Basically, I have many files with names containing a keyword (let's call it "Category1") within a directory. For example:
ABC-Category1-XYZ.txt
I'm trying to move them from a directory into another directory with the same name as the keyword.
I started with this:
find /path_A -name "*Category1*" -exec mv {} /path_A/Category1 \;
It spit out something like this:
mv: rename /path_A/Category1 to /path_A/Category1/Category1: Invalid
Argument
So I did some fiddling and hypothesized that the problem was caused by the command trying to move the directory Category1 into itself(maybe). I decided to exclude directories from the search so it would only attempt to move files. I came up with this:
find /path_A -name "*Category1*" \(! -type d \) -exec mv {} /path_A/Category1 \;
This did move the files from their original location to where I wanted them, but it still gave me something like:
mv: /path_A/Category1/ABC-Category1-XYZ.txt and
/path_A/Category1/ABC-Category1-XYZ.txt are identical
I'm no expert, so I could be wrong... but I believe the command is trying to find and move the files from their original directory, then find them again. The directory Category1 is a subdirectory of the starting point, /path_A, So i believe it is finding the files it just moved in the directory Category1 and attempting to move them again.
Can anyone help me fix this issue?
You are creating new files that find tries to process. Safest approach is to move them somewhere else not in the path_A you are searching with find.
Or you can use prune to ignore that directory if you don't have any other directory matching:
find /path_A -name '*Category1*' -prune -type f -exec mv {} /path_A/Category1/ \;
Although another post has been accepted, let me post a proper answer.
Would you please try:
find /path_A -name 'Category1' -prune -o -type f -name '*Category1*' -exec mv -- {} /path_A/Category1/ \;
The option -prune is rather a command than a condition. It tells find to
ignore the directory tree specified by the conditions before -prune.
In this case it excludes the directory Category1 from the search.
The following -o is logical OR and may be interpreted something like instead or else. The order of the options makes difference.
Please be noticed the 1st category1 is the directory name to exclude and the 2nd *Category1* is the filenames to find.
If you are not sure which files are the result of find, try to execute:
find /path_A -name 'Category1' -prune -o -type f -name '*Category1*' -print
then tweak the options to see the change of output.

Find error - unknown primary or operator

find /Volumes/COMMON-LIC-PHOTO/STAGING/Completed -type d -maxdepth 2 -iname -iregex '.*_OUTPUT' -exec rsync -rtWv --stats --progress {} /Volumes/COMMON-LIC-PHOTO/ASPERA/ASPERA_STAGING/ \;
The code above is designed to look inside the directory Complete for any sub-directories with the phrase "_OUTPUT" (ignoring case, hence -iname) at the end of the directory name and copy what it finds to a new location, Aspera_Staging.
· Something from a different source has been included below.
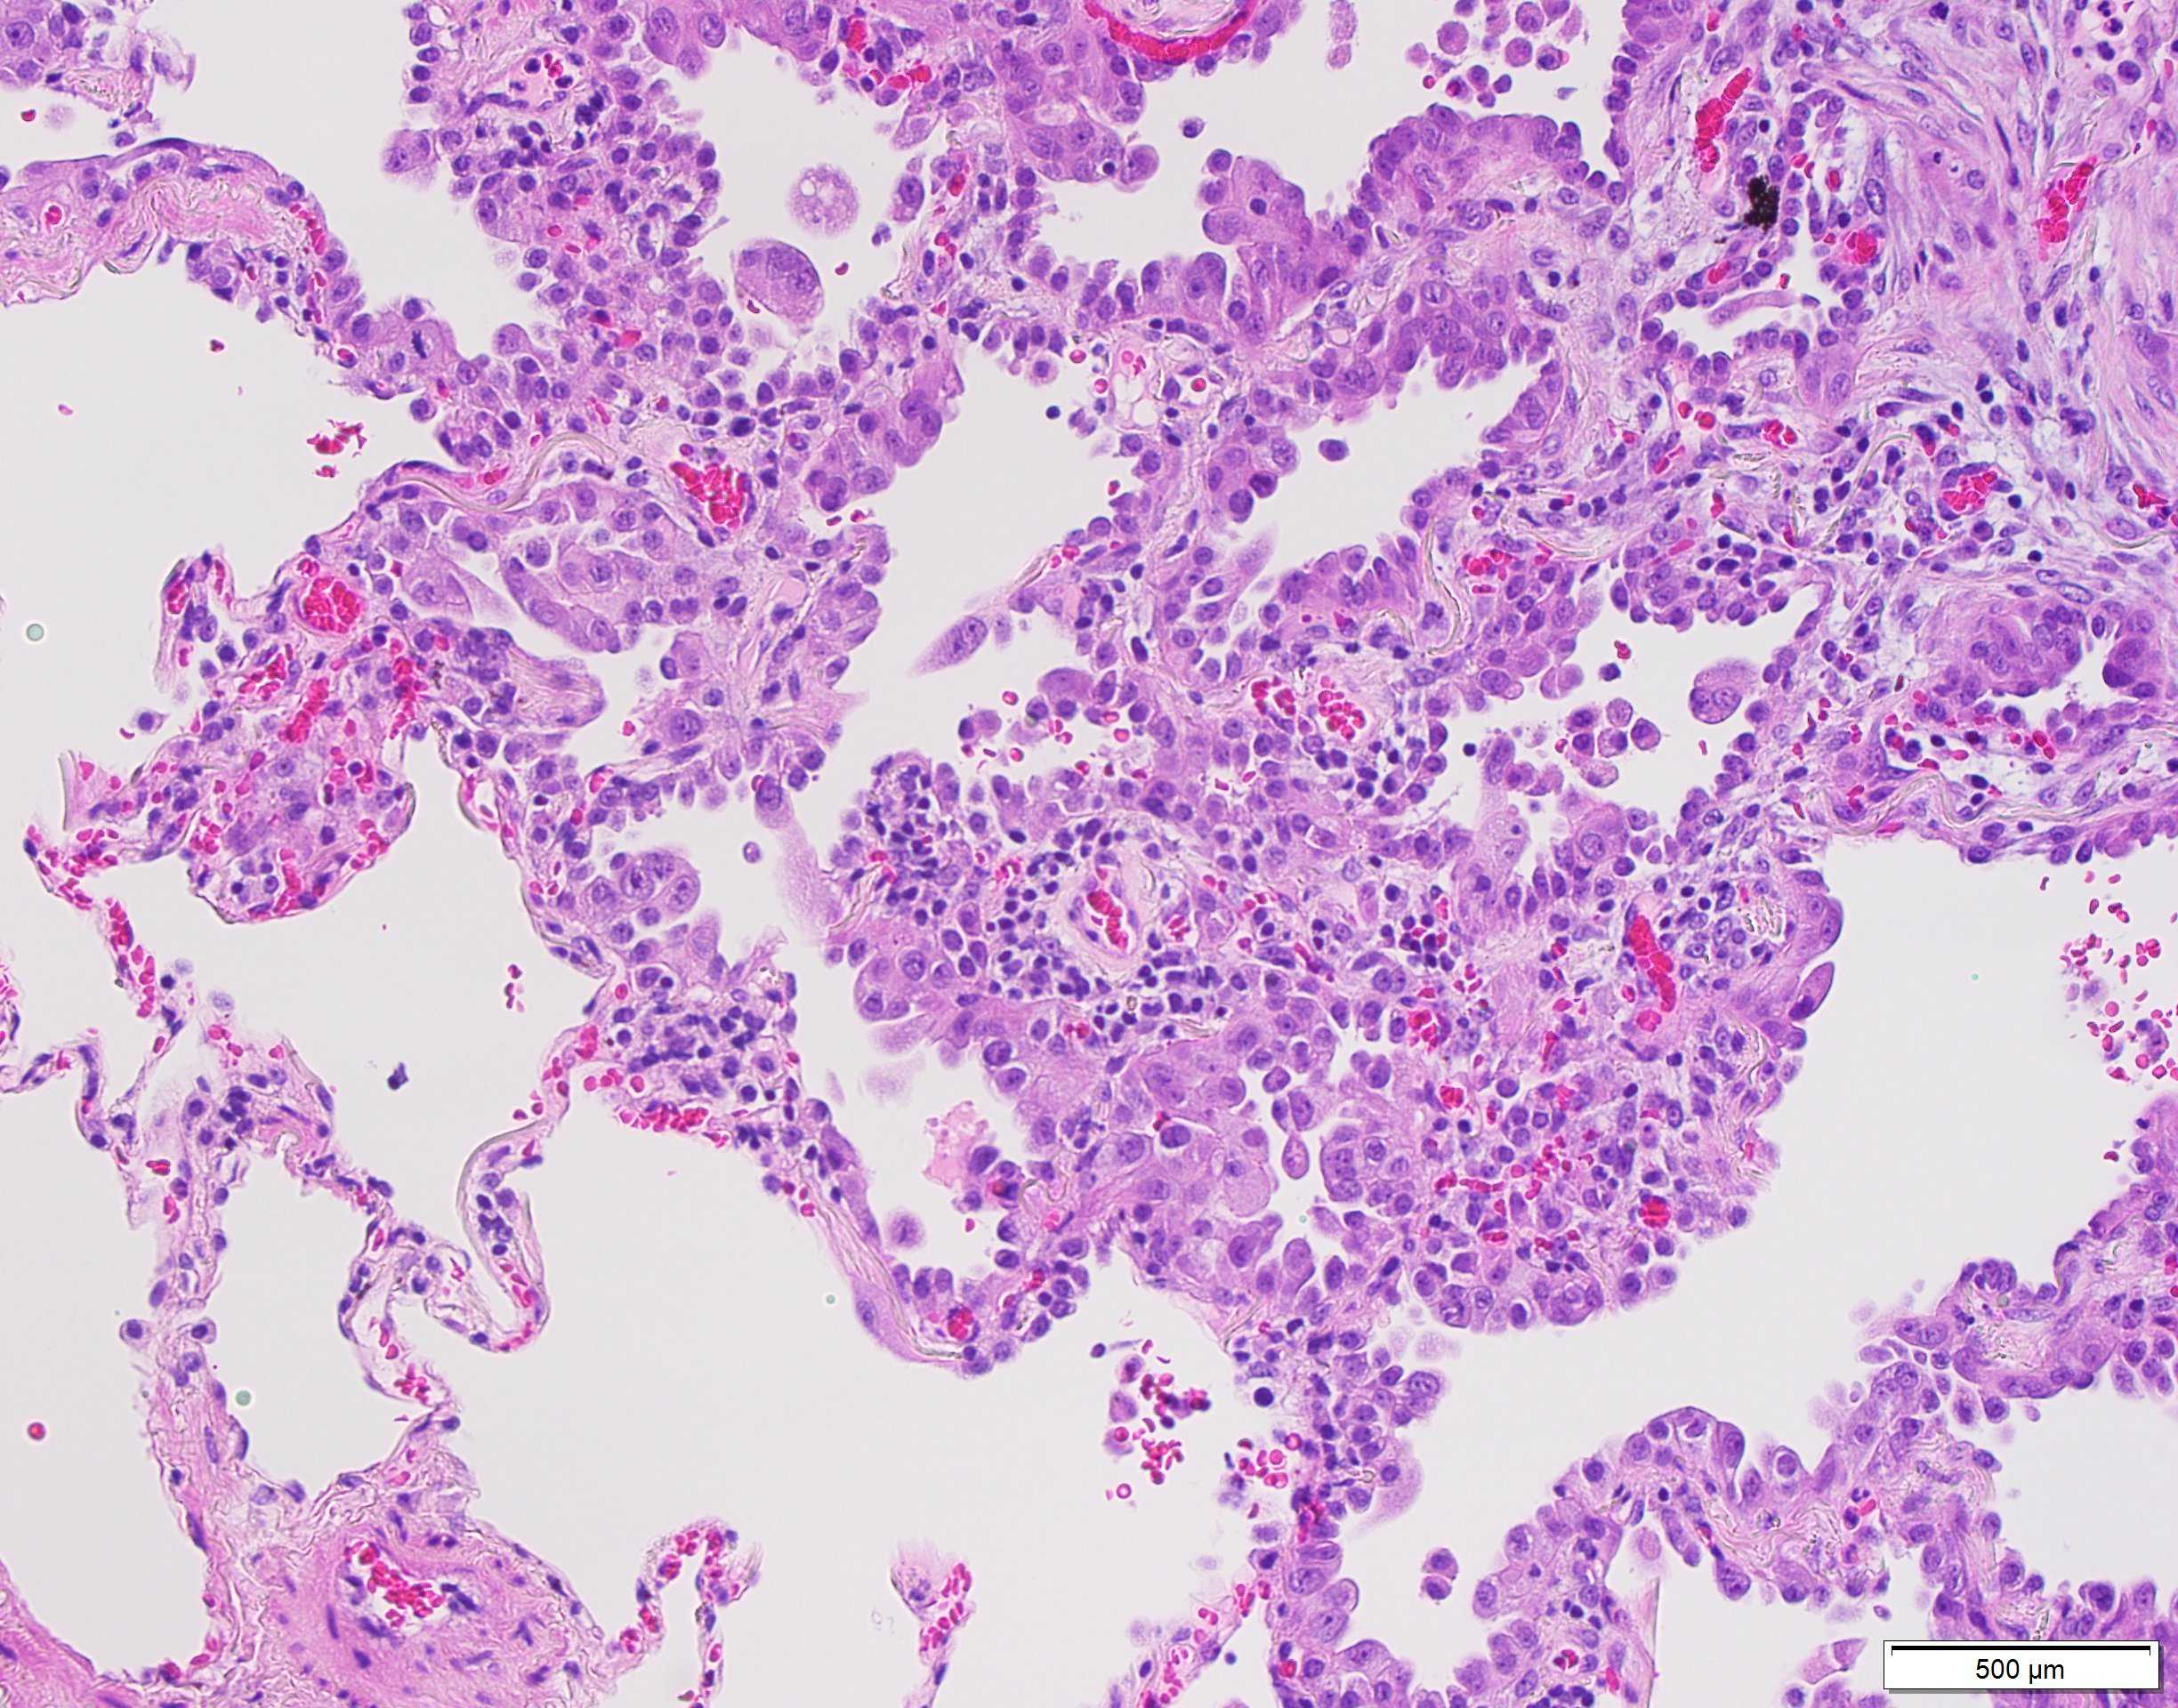 Imatge microscòpica de cel·lules cancerígenes de pulmó

I'm running the code in a .sh triggered by the launchcd app Launch Control whenever a new directory is moved to Complete (which could be part of the issue because cron seems to be very picky).
It works about half the time, the other half it does nothing at all. An OUTPUT directory won't be copied. I can't find a pattern, it almost seems random. I've noticed in the debug log that it is giving me the following error:
find: .*_OUTPUT: unknown primary or operator
I've spent hours tinkering, trying to figure it out. I've followed a lot of suggestions found on here and other sites but so far nothing has worked. It obviously has something to do with it looking for the Output folders but I just can't get to the bottom of it.
As commenters have noticed, -iname requires a parameter, therefore the -iregex that follows is understood as that parameter and the parameter to -iregex is (mis)taken as an operator, hence your error message.
In your context, -iname and -iregex seem redundant, so your command should be either:
find /Volumes/COMMON-LIC-PHOTO/STAGING/Completed -type d -maxdepth 2 -iname '*_OUTPUT' -exec ... \;
or:
find /Volumes/COMMON-LIC-PHOTO/STAGING/Completed -type d -maxdepth 2 -iregex '.*_OUTPUT' -exec ... \;
(notice how the parameters to -iname and to -iregex slightly differ)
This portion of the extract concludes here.